Brazil-USA Black Lives Matter Installation Opens at Penn Pavilion (Duke West Campus) on Graduation Weekend
Black people in Brazil and the United States are dying and suffocating because of police violence and societal negligence in the fight against the dual pandemics of racism and COVID-19. A new student installation outside Penn Pavilion focuses on the global fight to protect Black lives and create a politics that guarantees a good life for all. Growing out of a spring 2020 Duke course, the Black Lives Matter: Brazil-USA installation, along with a public-facing website by the same name, focuses on state-sanctioned police killings and the disparate impacts of COVID-19 on communities of color in both countries while also highlighting the rich history of Black-led multifaceted action seeking liberation for all.
Put on display for this weekend’s graduation, the installation encourages Duke’s graduates to deepen their antiracist commitments and carry them forward into their lives beyond Duke. At a launch event for the website attended by Duke’s President Vincent Price, Provost Sally Kornbluth, and Arts and Sciences Dean Valerie Ashby, Rahel Petros (T ‘23) explained that “We owe it to ourselves and the broader community to not only live these four years in the Duke bubble, but to go beyond the comforts of the classroom and campus life and even our country to make real change in the communities and spaces we occupy.”
Students, guests, staff, faculty and local residents can view the installation from graduation weekend into the summer. The team pushes its peers to think about the global nature of structural racism and white supremacy, while emphasizing the urgency of taking action. “Each of us must think more deeply, protest more loudly, and above all not lose the momentum towards change that has been building,” said graduate co-coordinator Courtney Crumpler (MFA ‘21). This project is co-sponsored by the Duke Department of History, Duke Brazil Initiative, Office of Global Affairs, the Office of the Dean of Trinity College of Arts and Sciences, the Office of the Dean of Social Sciences, and the Center for Latin American and Caribbean Studies.
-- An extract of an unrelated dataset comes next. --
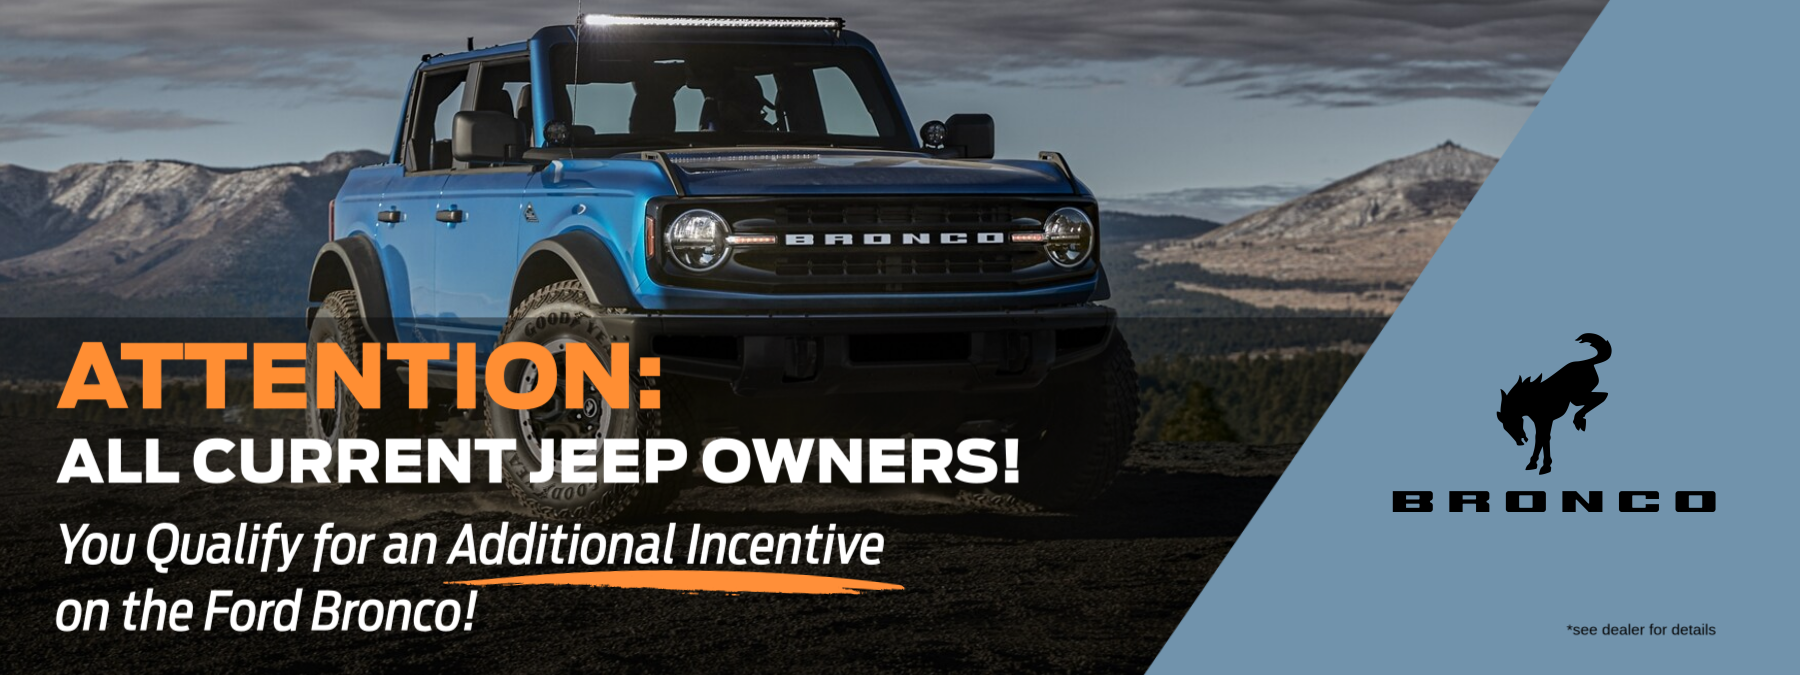 Jeep Owners Bronco Offer

The installation is a provocation for reflection and action that accentuates the international dimension of Black people’s struggles for rights and recognition by brokering a dialogue between two of the world’s largest democracies. “This is not just a display, a website, or an exhibit,” says Brazilian co-coordinator Marcelo Ramos, a doctoral candidate at the Universidade Federal Fluminense. “We are at a moment that demands international antiracist solidarity.” With an ebbing of the pandemic and Derick Chauvin’s conviction for George Floyd’s murder, the installation is a call for us to deepen our attention to the catastrophic crises in Brazil where over 25,000 people were murdered by the police since 2015 and the COVID-19 death toll reached a staggering 400,000 this week.